What is needed is an exact reproduction of the listing, without its pictures.

Data extract:
----

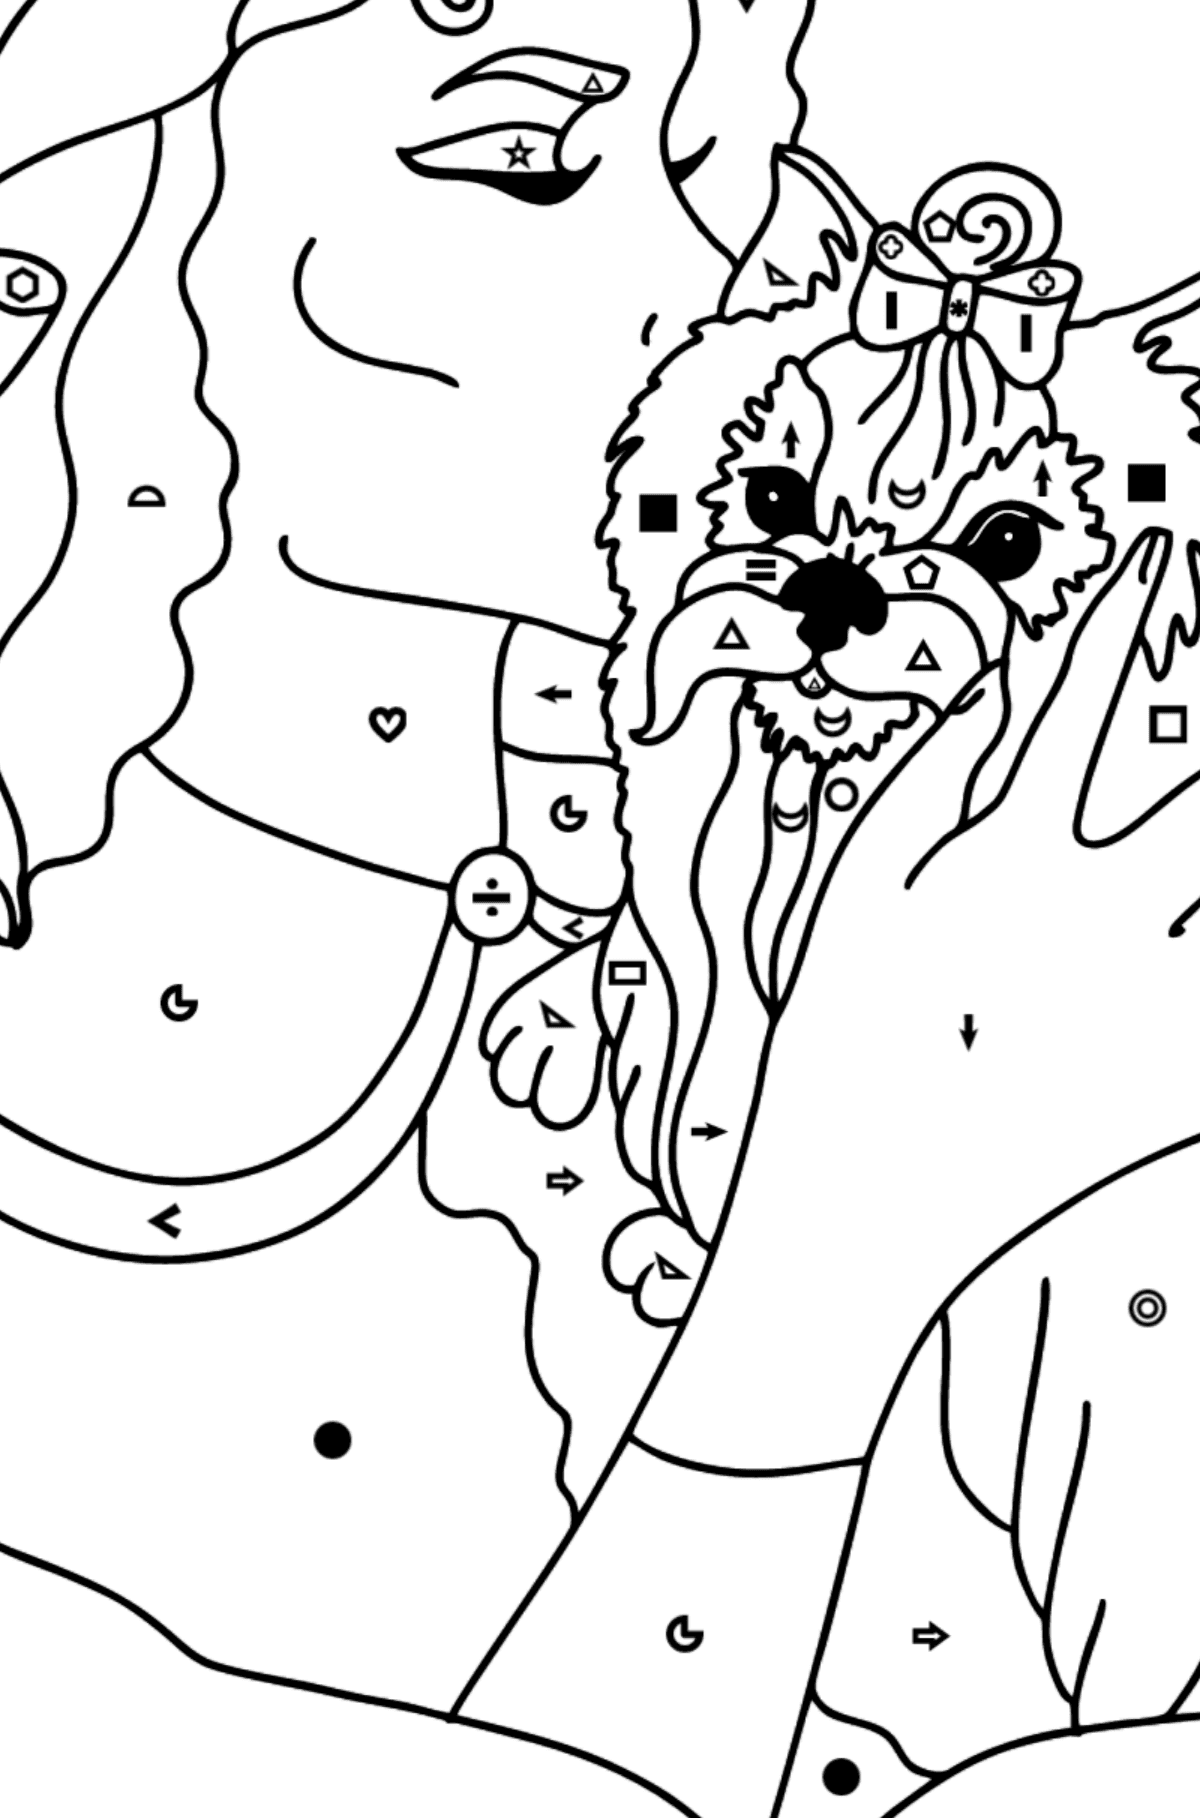 Раскраска Йоркширский терьер с хозяином - Полезная картинка для Детей
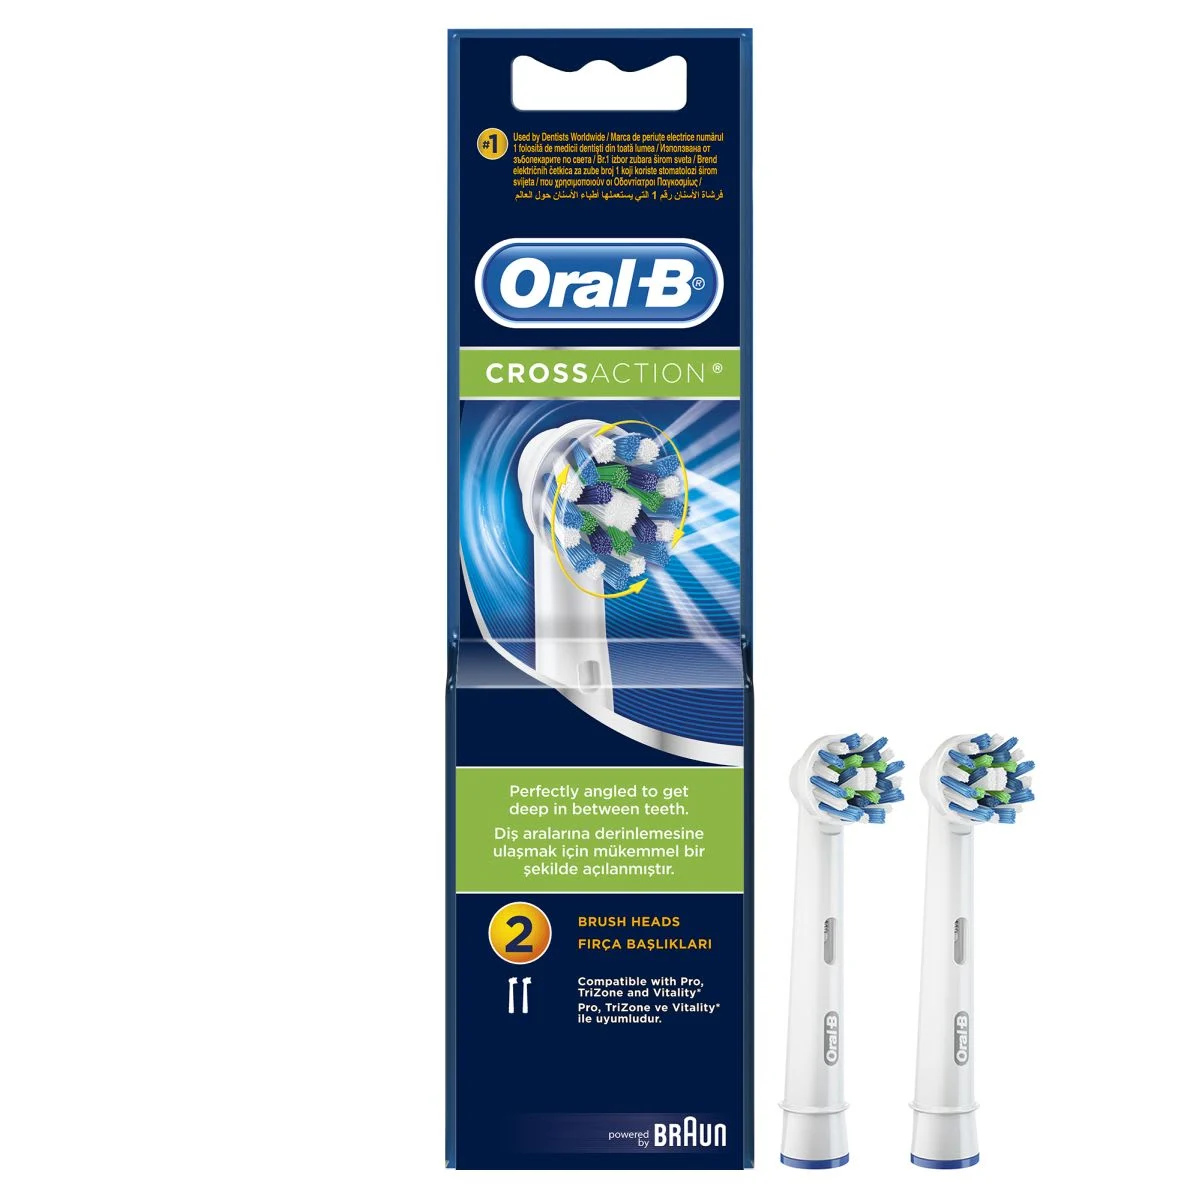 Oral-B Crossaction Elektrikli Diş Fırçası İçin Yedek Başlıklar 
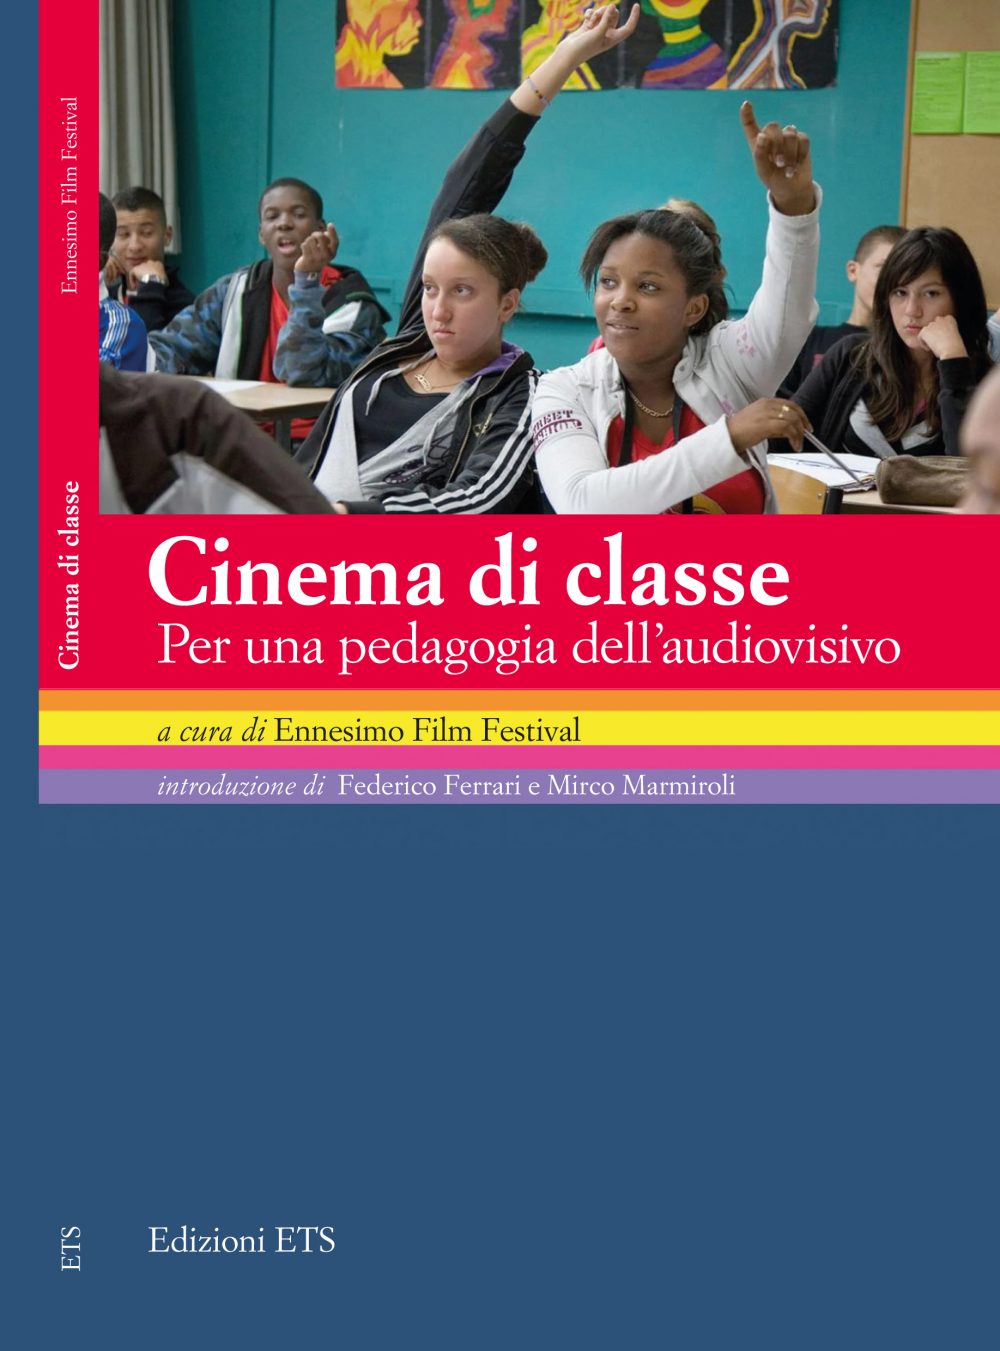 Cinema_di_classe_cover

----

Response:
 Раскраска Йоркширский терьер с хозяином - Полезная картинка для Детей
 Oral-B Crossaction Elektrikli Diş Fırçası İçin Yedek Başlıklar 
 Cinema_di_classe_cover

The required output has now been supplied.